In large-scale inference systems, we often talk about latency, QPS, or cost per token. But underneath it all, there’s a much simpler and harder question: how much are we actually using the GPUs we pay for?
GPU underutilization is the silent tax in production LLM systems. The causes are subtle: model replicas that idle waiting for traffic, poor batch packing, long prompt requests that stall the scheduler, or memory fragmentation that prevents colocation. And the impact is large - enterprises pay for peak GPU memory, not average.
This makes one question increasingly urgent: how do we maximize GPU usage across heterogeneous, spiky, and multi-model workloads?
The Multi-Model Problem
A single large model will saturate a GPU if given enough requests.

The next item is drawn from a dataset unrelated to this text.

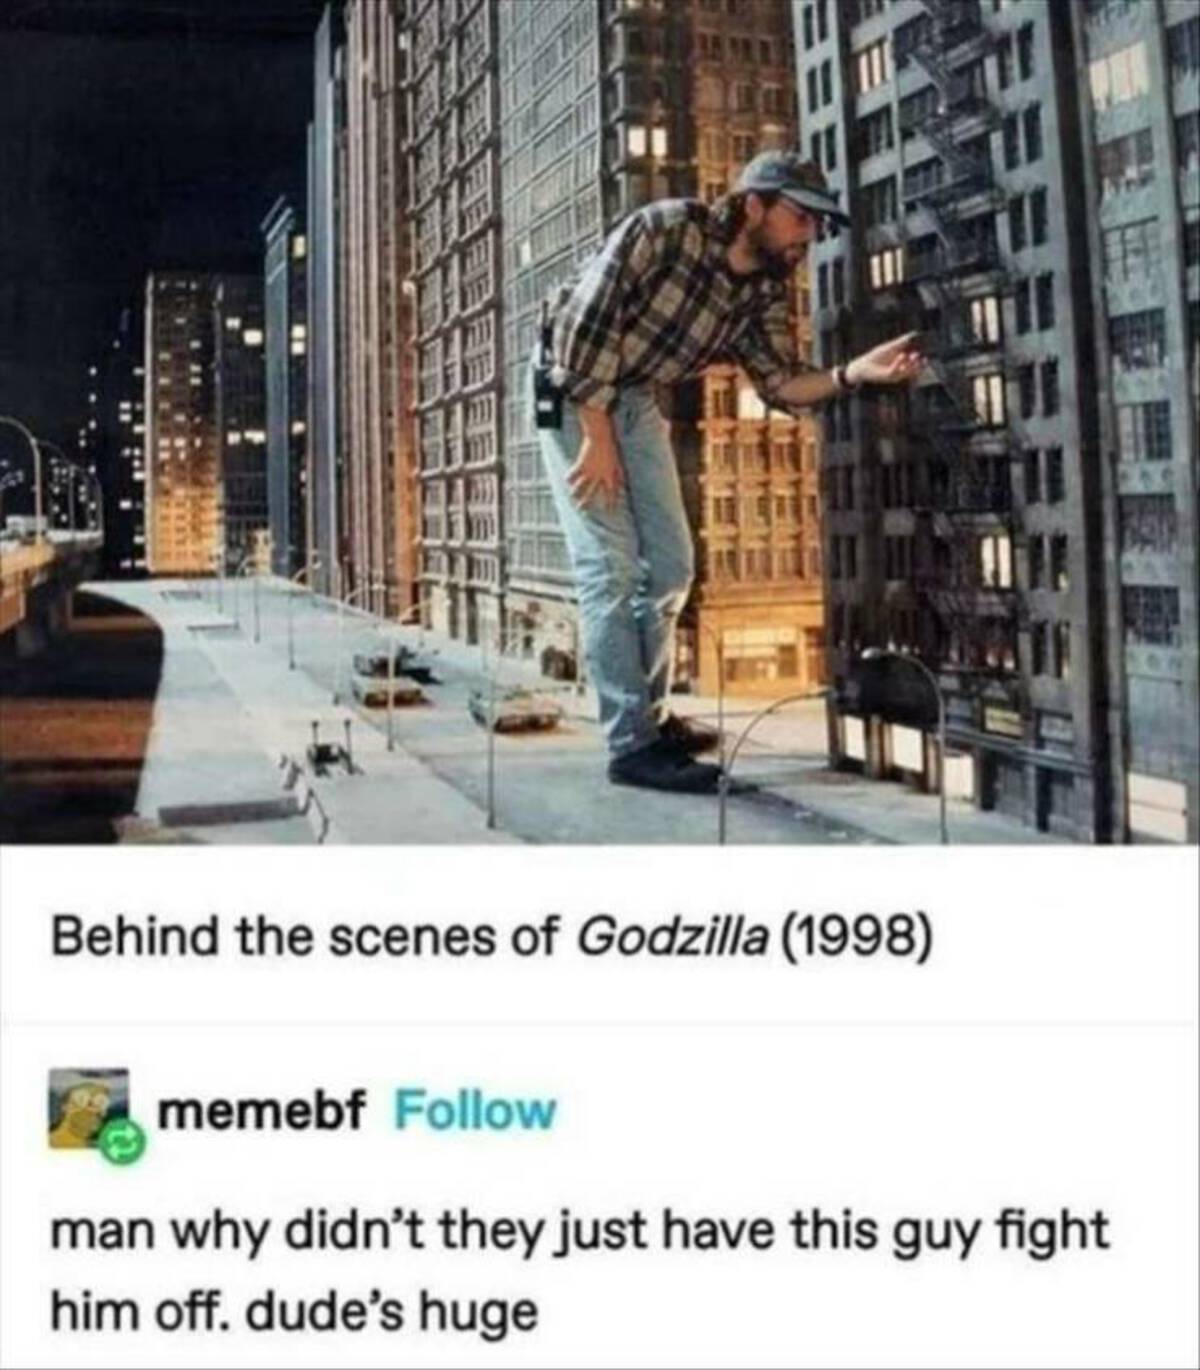 roland emmerich godzilla 1998 - Behind the scenes of Godzilla 1998 memebf man why didn't they just have this guy fight him off. dude's huge

But most production systems serve a mix: different model sizes, different prompt lengths, different latency classes.
Some models need low-latency completion. Others are async background jobs. Some are tiny (2B), others massive (70B). And you want all of them to fit, ideally without reserving an entire A100 for each.
Colocation becomes the primitive.
But then you have to answer:
Which models can coexist on a single GPU without thrashing memory?
How do you prioritize workloads with conflicting latency goals?
What happens when a burst arrives that needs to evict something slower?
This is where GPU utilization stops being a deployment parameter and becomes a scheduling problem.
MIG, Sharding, and Logical Isolation
Some infra teams lean on hardware features like NVIDIA’s MIG (Multi-Instance GPU) to isolate small models. Others shard models across GPUs to run large ones in parallel. Both are partial solutions.
MIG helps with stability, but fragments capacity. Sharding enables large models, but ties up memory even when idle. Neither solves the dynamic allocation problem for mixed workloads.
What’s needed is logical multiplexing - the ability to:
Load multiple models into GPU memory simultaneously
Route traffic dynamically based on current memory and latency budget
Reclaim memory when model use patterns shift
Memory Pressure and Eviction
Serving infra should track not just usage, but predictive usage. That means estimating memory needs per request, understanding KV cache growth over sequence length, and anticipating eviction pressure.
If a long prompt is about to blow out your 70B context window, you should know that before it starts. Otherwise you stall the GPU and kill throughput.
Dynamic schedulers (like what some vLLM forks experiment with) are starting to reason about these tradeoffs. But it’s still early.
Utilization as a First-Class Metric
Too many teams measure cost-efficiency in terms of instance count or average latency. But if your GPUs are sitting at 35% memory usage and 20% streaming multiprocessor usage, you’re leaving capacity untapped.
Useful telemetry includes:
Active vs. idle tokens per second
Memory fragmentation over time
GPU cycles spent waiting for input
Only with this kind of visibility can autoscalers and workload routers make decisions that aren’t just reactive, but optimal.
The Opportunity
If we solve this - if we can dynamically colocate models, route traffic based on token pressure and memory profile, and reclaim unused GPU time - we unlock a 2–5x cost reduction in inference-heavy systems without changing the models at all.
It’s not a modeling problem. It’s a scheduling and observability one.